Markets are betting on a downturn. Treasury yields are up, and investors are expecting multiple rate cuts from the Fed this year. But here’s the twist:

Fed Chair Jerome Powell isn’t committing to anything yet. His latest message: “We’re waiting on more data.”

That makes sense—on one hand, we’ve got stubborn inflation; on the other, we’ve got slowing growth and volatile trade.

🚧 Construction and Manufacturing: Feeling the Pressure

  • Construction spending saw a small bump in February—mostly from residential upgrades—but new architecture projects are drying up.

  • Manufacturing is clearly in contraction mode, with the ISM index dropping to 49 and orders falling sharply.

  • Tariff confusion is now translating into supply chain delays, shortages, and rising input prices—especially for critical materials like germanium and lumber.

🧊 Labor Market: Frozen But Not Broken

The job market remains strong… for now:

  • 228,000 jobs added in March, led by healthcare and retail.

  • But federal layoffs are climbing—especially from Trump/Musk’s push to slash government jobs.
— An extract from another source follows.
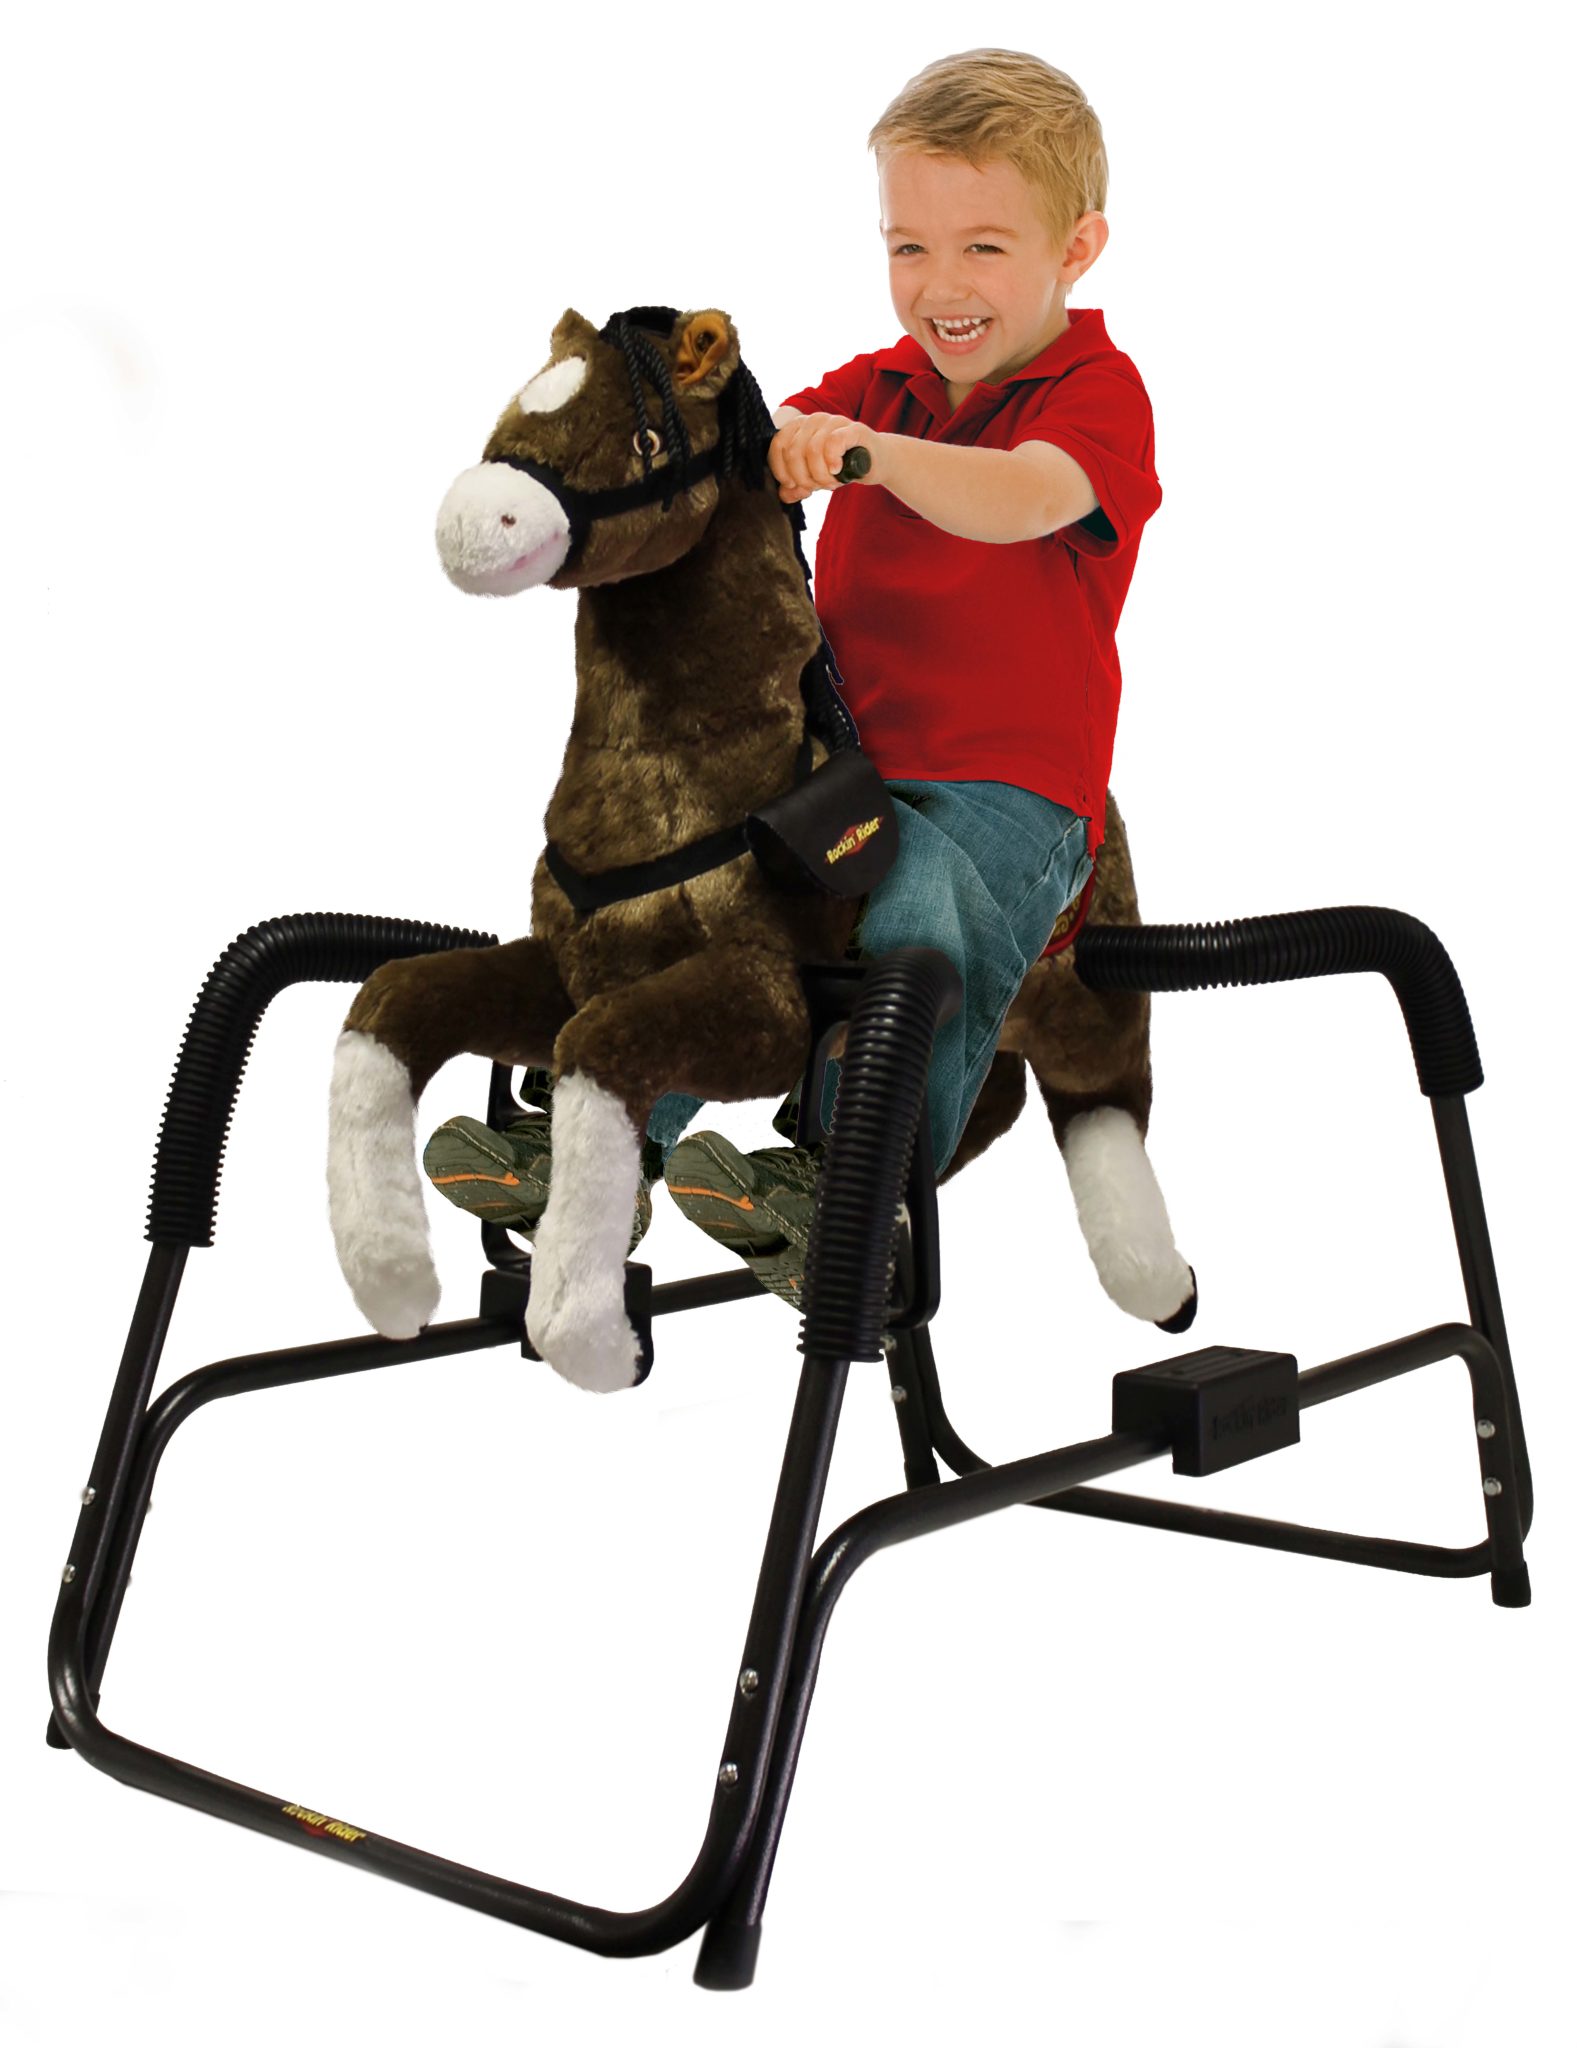 Rockin' Rider Talking Plush Animated Spring Horse Rocking Toy Ride On Fun Play

  • Wages are growing at their slowest rate in nearly a year.

And business leaders? They’re cautious. Hiring is stalling, and many are in wait-and-see mode.

🚗 Auto Sales: A Surge Before the Storm?

Car sales boomed in March—17.77 million units sold, as buyers tried to beat the tariff-induced price hikes. But don’t expect that to last. Higher sticker prices are coming, and with them, likely a pullback in consumer demand.

👀 What to Watch This Week

  • Inflation Reports: Coming Thursday and Friday. We’re expecting modest numbers now, but with tariffs in play, this lull may not last.

  • Small Business Sentiment: The NFIB Index will drop Tuesday. Spoiler: Confidence is slipping as uncertainty rises.

💡 Big Picture: What Now?

This isn’t just about trade policy—it’s about economic direction. The combination of higher import costs, retaliatory global measures, and uncertain monetary policy has thrown a wrench in the gears. And while some sectors are holding steady, many are bracing for impact.

The next few weeks will tell us a lot. Will tariffs stick? Will inflation return? And most importantly—how will the Fed respond?